Republican presidential candidate Mitt Romney has taken to quoting a hymn of the American civil religion.

“Oh beautiful for spacious skies, for amber waves of grain, for purple mountain majesties above the fruited plain. America! America! God shed his grace on thee and crown thy good with brother hood from sea to shining sea.”

Religion is the transcendence that serves as ligature to bind us together, and for many Americans, America is that transcendence. Americanism becomes religion. Mormon, Catholic, Evangelical, Protestant, Atheist, Jewish and others all bend the knee to the nation and to its God.

The problem with the civil religion is that its transcendence is not transcendent enough. Its moral horizons are limited to the short-term interests of the nation as perceived by flawed individuals working within a deeply flawed political/economy. And when a politician stands up and proclaims his love for the country while loading his stump speeches with lies upon lies, that moral horizon has dwindled down to the puny size of one politician’s political ambitions.

Yet, even the traditions of the civil religion recognize that the country is ever in the process of perfection. Verse two of the hymn Romney quotes says:

“O beautiful for pilgrim’s feet, whose stern impassioned stress a thoroughfare for freedom beat across the wilderness: America! America! God mend thine every flaw, confirm they soul in self control, thy liberty in law.”

The United States, as everything conceived by human beings, is not and has never been flawless. Those who speak of American exceptionalism as if the United States is God’s chosen nation are trading with a counterfeit currency.

Nearly one in two Americans are either low-income or live in poverty. Income inequality is a fact of American life that amounts to structural violence. Fifty million Americans live without health insurance. This amounts to a denial of basic human rights that the Affordable Care Act will correct come 2014. This country incarcerates more people than any other nation in the world, and those locked up are disproportionately black, brown and poor. These are systemic inadequacies that no one person, president or not, can repair.

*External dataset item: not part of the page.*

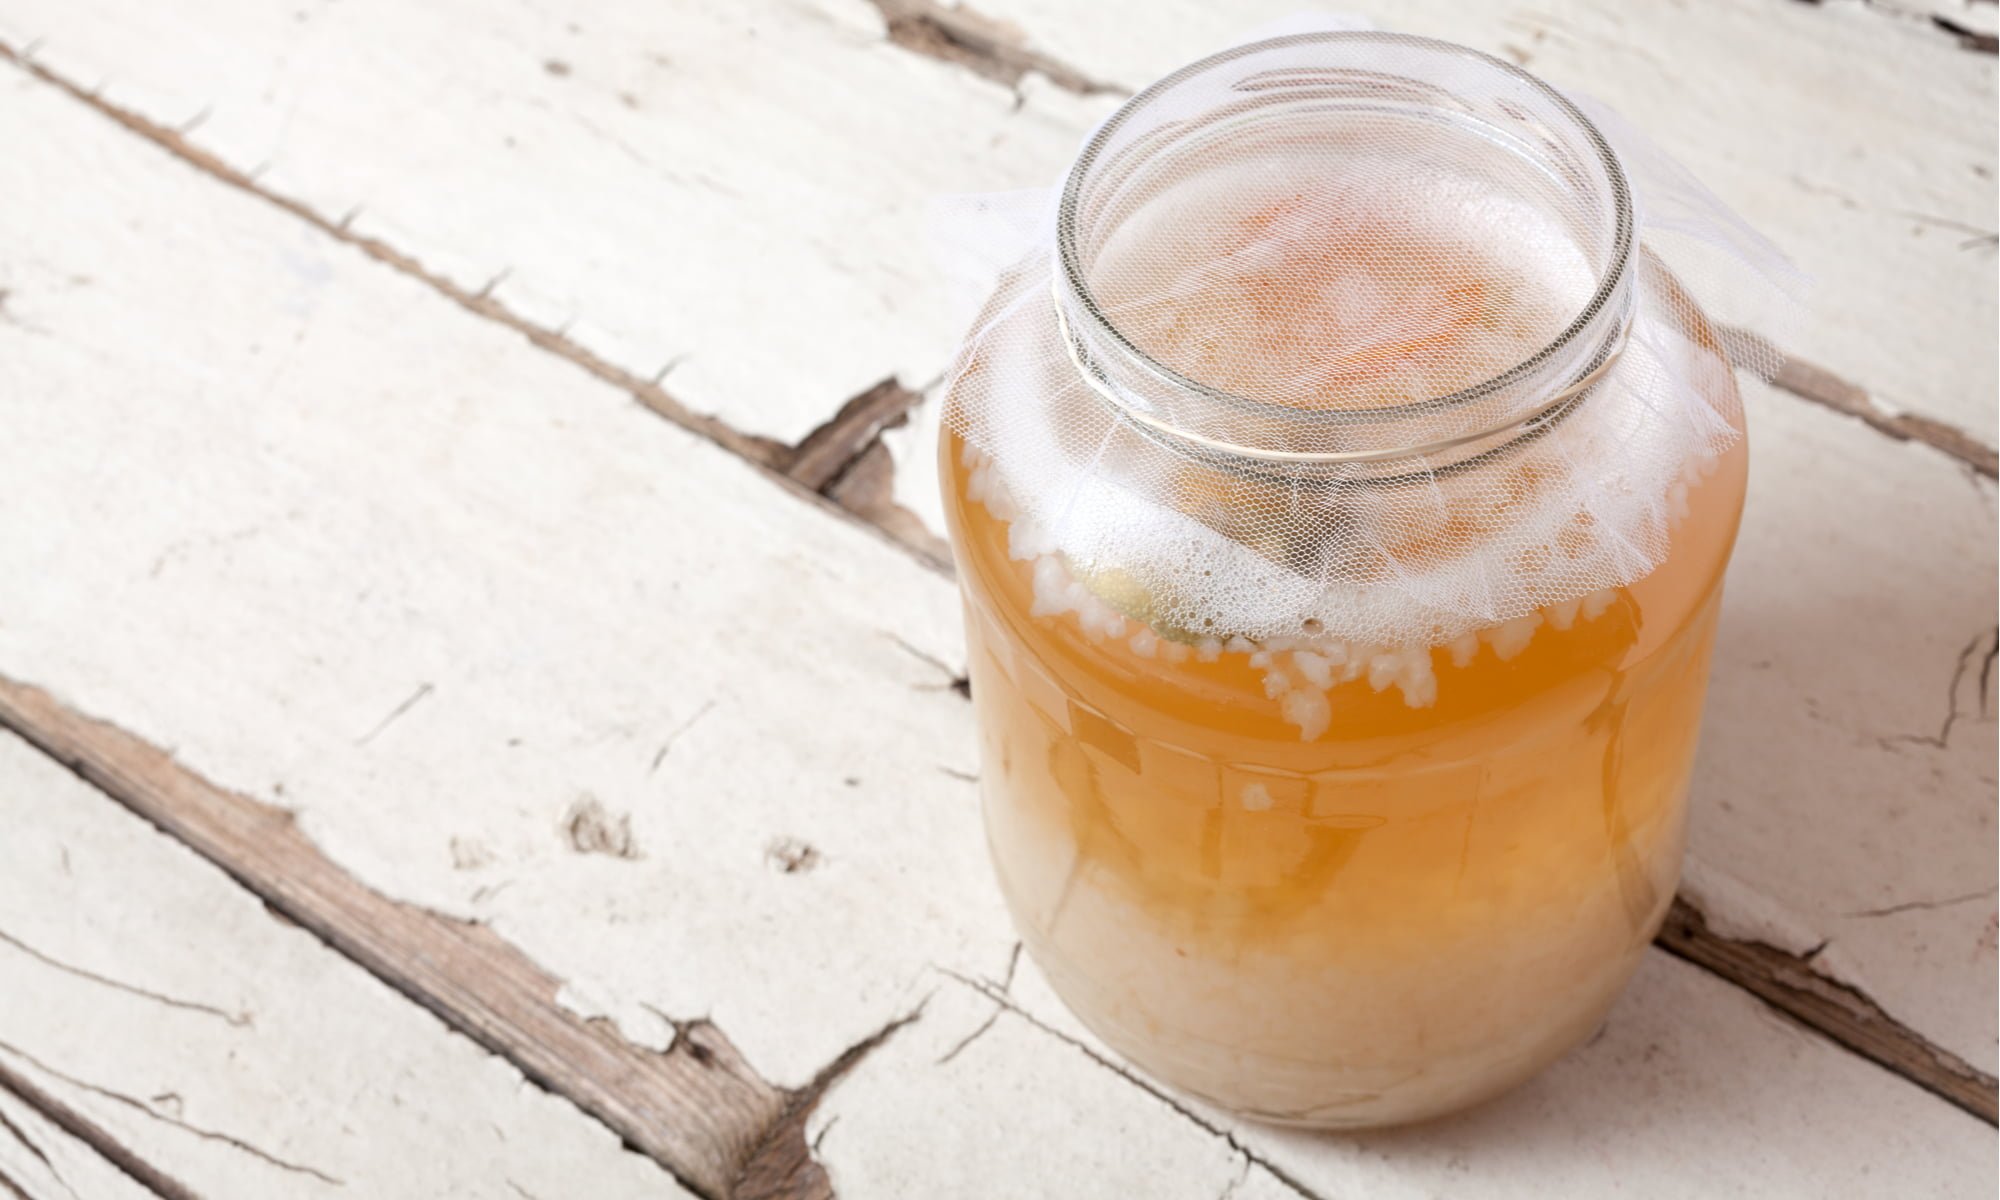 What’s Water Kefir And Why Should You Drink It?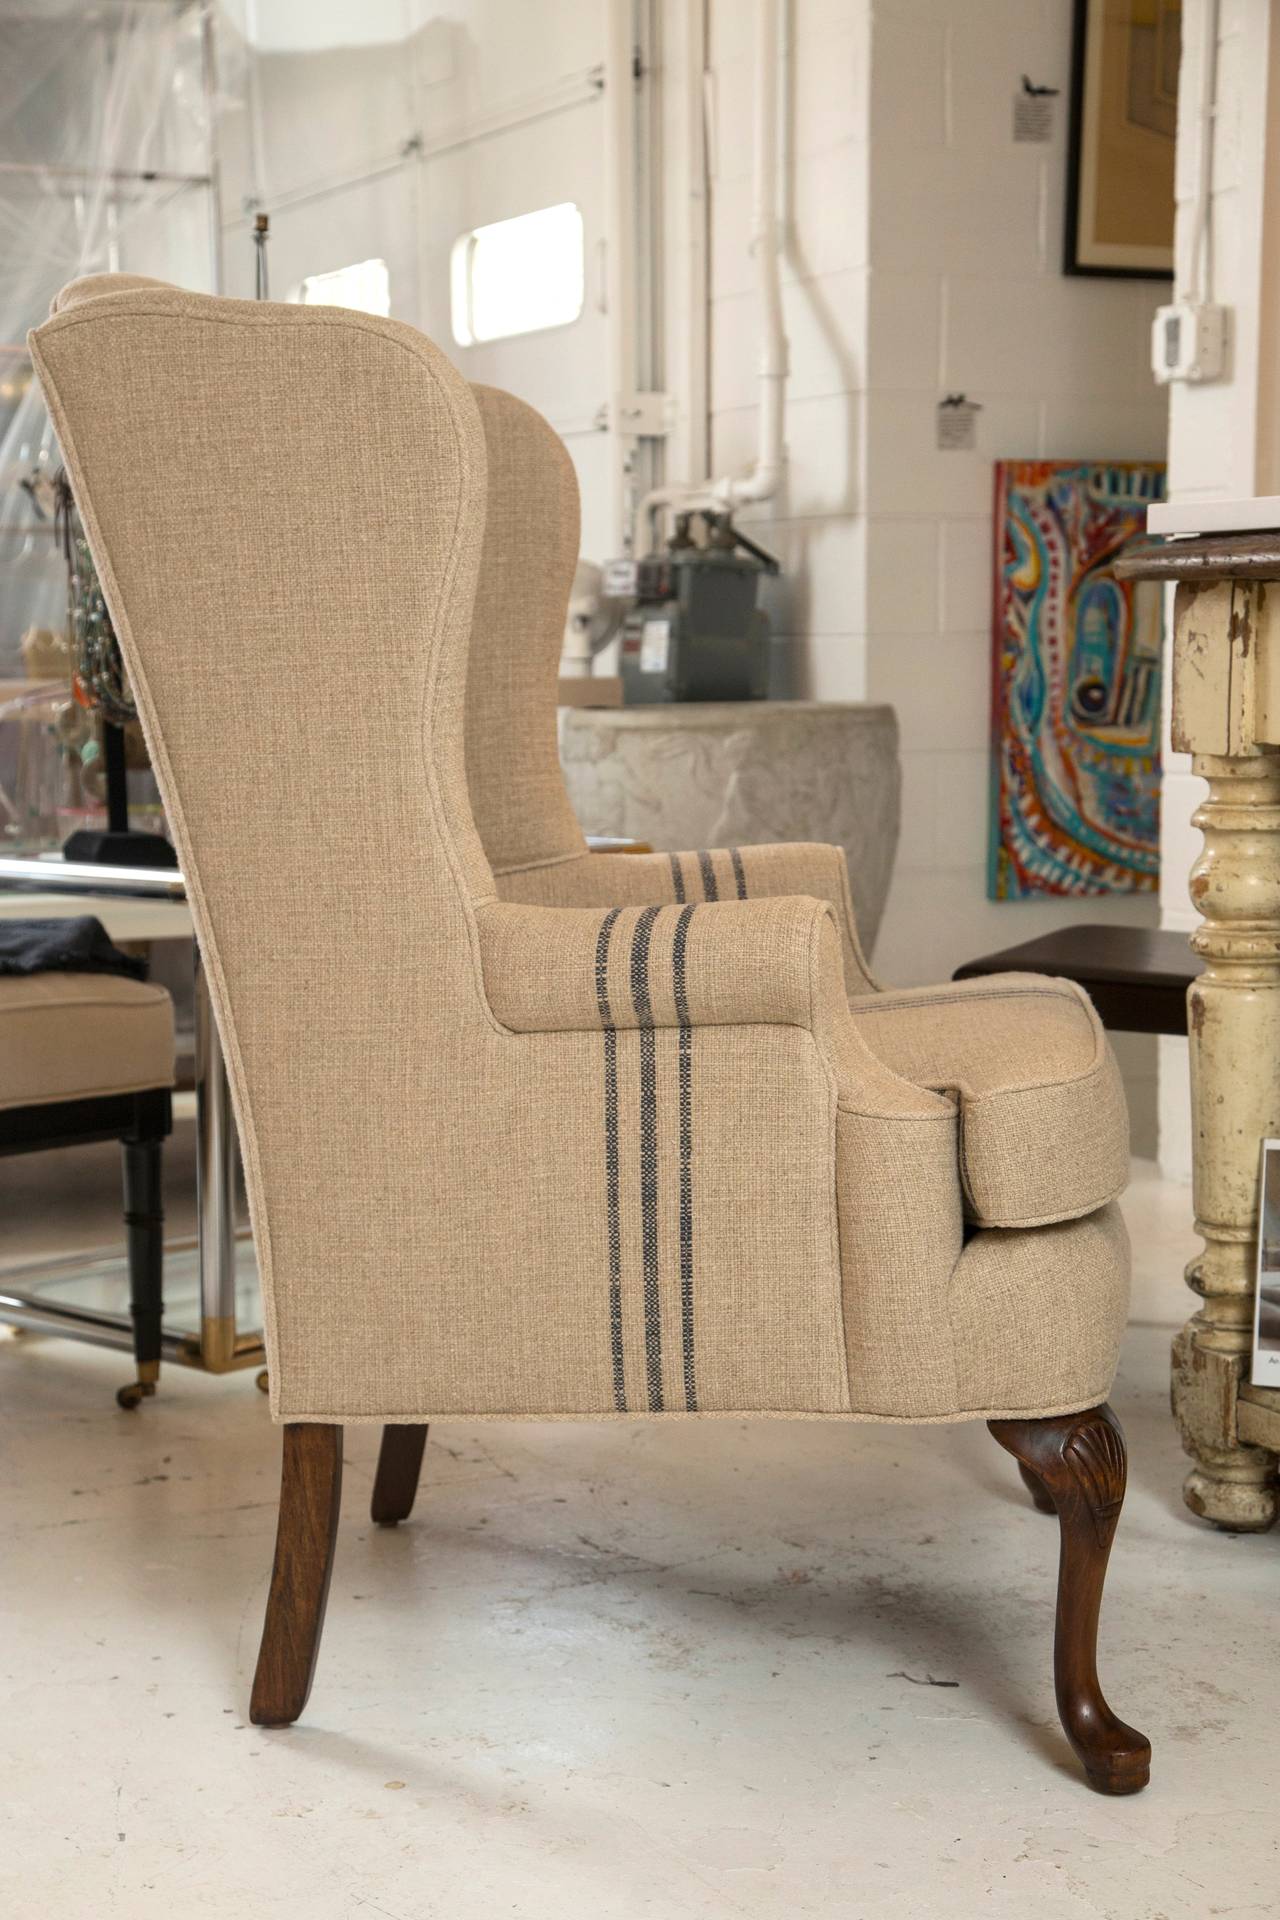 American Classic Mid-Century Wing Chair

If Mitt Romney loves the nation the way he says he does, he ought to address these issues and stop telling lies to the nation he claims to love.

Chapter 13 of the First Letter to the Corinthians says love “rejoices in the truth.” Romney has been caught time after time rejoicing in falsehoods. I say Romney’s lies are a patronizing nice-nasty way to say that President Obama is Other than American. Greg Sargent of the Washington Post says there is a method to Romney’s strategy of lies.

“They’re all about conveying a sense that you should find Obama’s intentions toward America vaguely suspect, that Obama harbors a deep seated indifference even hostility towards the fundamentals that make America what it is, and that Obama is in some basic way undermining the foundation of American life as we know it.” (

Paul Krugman columnist for The New York Times calls Romney’s strategy of lies “post-truth politics.”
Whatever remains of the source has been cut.